Tentu saja, ada banyak jenis lebah — sekitar 20.000 spesies yang berbeda! Namun untuk saat ini, saya ingin secara khusus berfokus pada lebah madu biasa.

Saya yakin Tuhan menciptakan lebah madu untuk tujuan yang sangat istimewa, lebih dari sekadar penyerbukan bunga, yang membantu kita menanam tanaman sehingga kita memiliki makanan. Dia menciptakan mereka untuk memberi kita wawasan khusus tentang sifat-Nya dan apa yang Dia inginkan dari kita.

Jadi, mari kita mendekat untuk melihat lebih dekat apa yang bisa kita temukan dari serangga terbang yang menakjubkan ini!

Lebah yang Pekerja Keras
Pernahkah Anda mendengar ungkapan “sibuk seperti lebah”? Ada alasan yang sangat baik untuk itu, karena lebah adalah salah satu pekerja terkeras di alam.

Fakta Menakjubkan: Untuk membuat satu sendok makan madu untuk roti panggangmu di pagi hari, seekor lebah harus mengunjungi 4.200 bunga! Seekor lebah pekerja akan melakukan hingga 10 perjalanan sehari, mengunjungi 400 bunga. Dan untuk membuat satu pon madu, lebah pekerja perlu mengunjungi lebih dari 3 juta bunga dan menempuh jarak setara dengan tiga kali keliling dunia!

Tentu saja, mereka tidak keberatan melakukannya, karena mereka peduli pada sarang mereka. Dan semakin keras mereka bekerja, semakin bahagia dan produktif koloni mereka.

Alkitab juga menyebut orang Kristen sebagai “pekerja” (3 Yohanes 1:8). Dan tubuh Kristus, gereja Allah, sangat mirip dengan sarang lebah. Tuhan ingin kita menjadi pekerja di rumah dan gereja kita, menjadi “lebah yang sibuk” yang melakukan bagian kita untuk membuat hidup orang-orang di sekitar kita menjadi lebih manis. Alkitab juga mengatakan bahwa Yesus akan mengenali kita dari kasih kita satu sama lain. Bagian dari menunjukkan kasih itu adalah melakukan bagian kita untuk membangun tubuh Kristus.

Dalam koloni lebah, setiap lebah memiliki tugas. Ada lebah pekerja, ratu lebah, dan lebah jantan. Ratu bertelur, sedangkan lebah pekerja mencari nektar dan membuat madu. (Nektar adalah bahan yang membantu mereka membuat madu.) Apa yang akan kamu pikirkan jika aku memberitahumu bahwa lebah jantan tidak memiliki sengat? Itu berarti mereka tidak bisa melindungi sarang, dan tidak hanya itu, mereka juga tidak mengumpulkan nektar, membuat madu, atau bertelur.

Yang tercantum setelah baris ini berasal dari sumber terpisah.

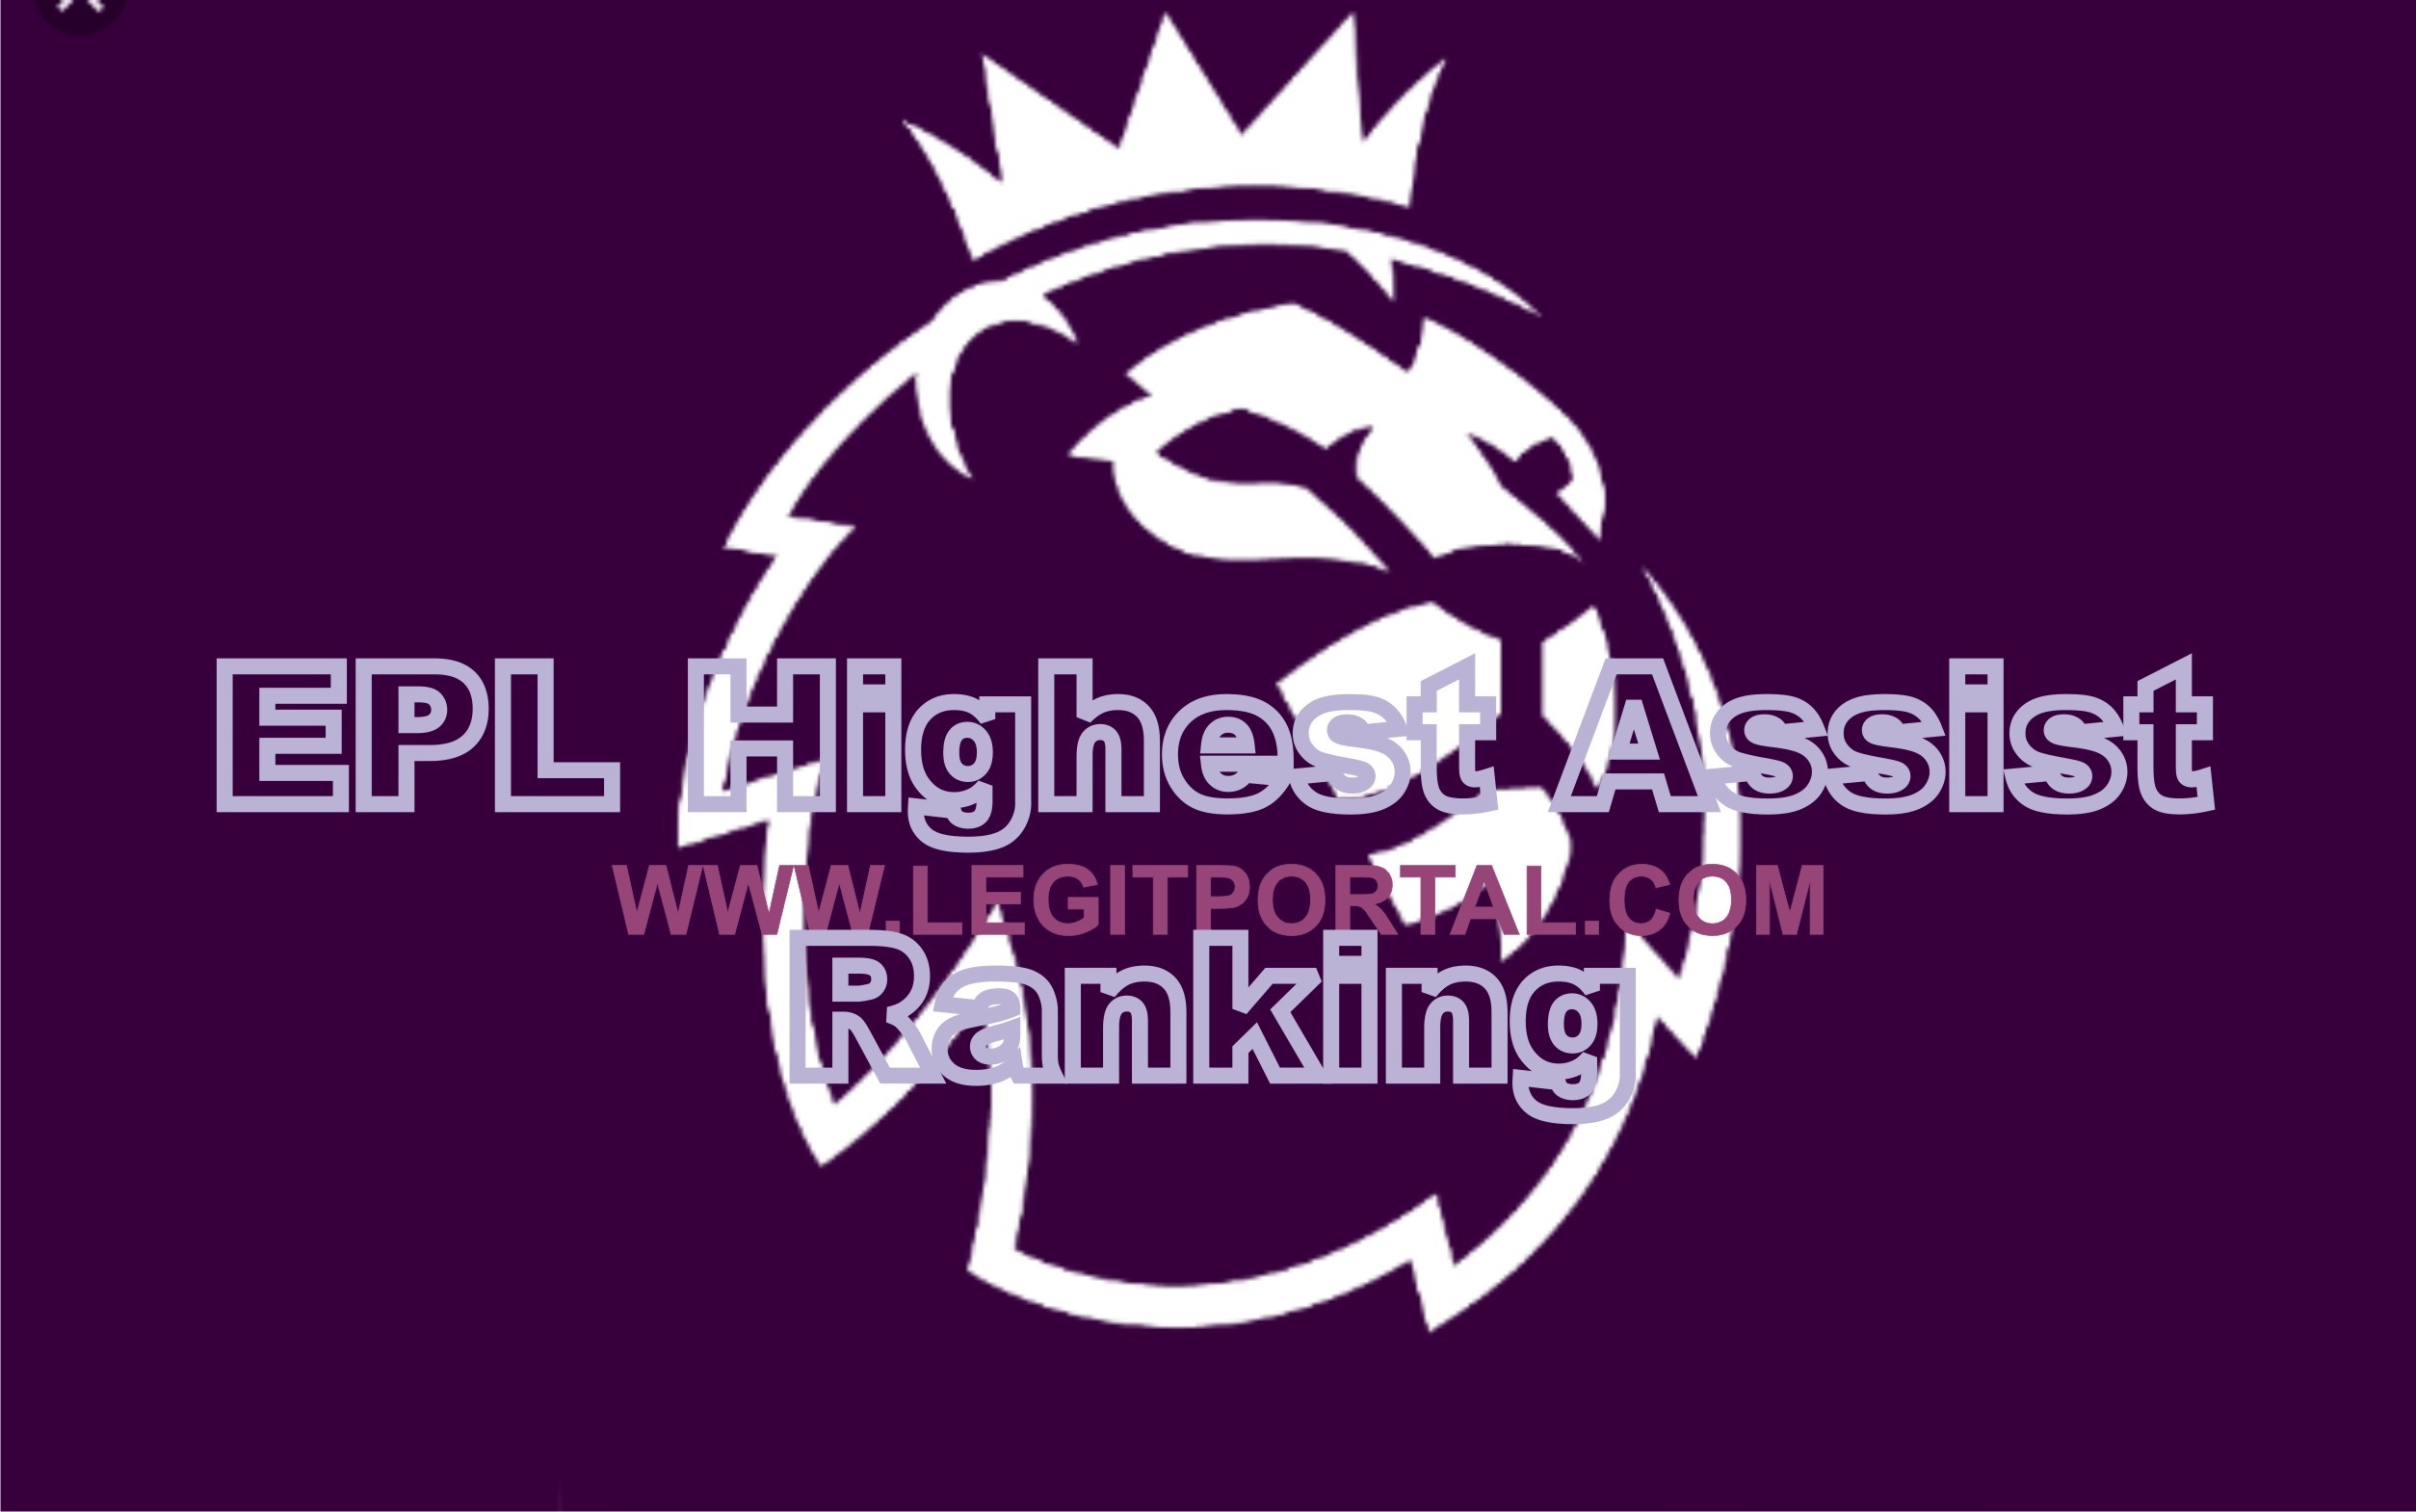 English Premier League (EPL) Highest Assist 2019/2020 | Playmaker Award Standings

Pada awalnya, lebah jantan mungkin terlihat sedikit tidak berguna! Tapi di dalam sarang, tidak ada yang tidak berguna. Lebah jantan membantu memberi makan larva, bayi-bayi lebah, di antara tugas-tugas lainnya. Jadi, mereka mungkin tidak mengumpulkan serbuk sari atau memiliki posisi tertinggi di sarang lebah, tapi mereka memiliki peran yang sangat vital. Dan mereka memberikan segalanya untuk melakukannya.

Hal yang sama berlaku untukmu. Tuhan telah menempatkan setiap lebah di sarang karena suatu alasan: untuk memenuhi tujuannya. Dia telah menempatkanmu dalam keluarga dan gerejamu karena alasan istimewa yang sama (1 Korintus 12:7). Dan apa pun pekerjaanmu, jangan biarkan siapa pun mengatakan bahwa itu tidak penting.

Hormati Lebah
Fakta Menakjubkan: Lebah madu sangat setia kepada ratu mereka. Mereka akan mengikuti kemanapun ratu pergi dan melakukan apapun yang diperlukan untuk memastikan pemimpin mereka sehat dan bahagia, serta bekerja keras untuk membantu ratu menjalankan tugasnya bagi sarang. Tugas utama ratu adalah bertelur agar koloni berkembang; sementara lebah lainnya bekerja keras untuk memberi makan larva dan melindungi ratu.
Hal itu tidak akan berjalan dengan baik sama sekali jika lebah-lebah lain mengabaikan atau bahkan menyakiti ratu, bukan? Faktanya, hal itu akan menyebabkan ratu menjadi tidak sehat dan bahkan dapat menghancurkan seluruh koloni!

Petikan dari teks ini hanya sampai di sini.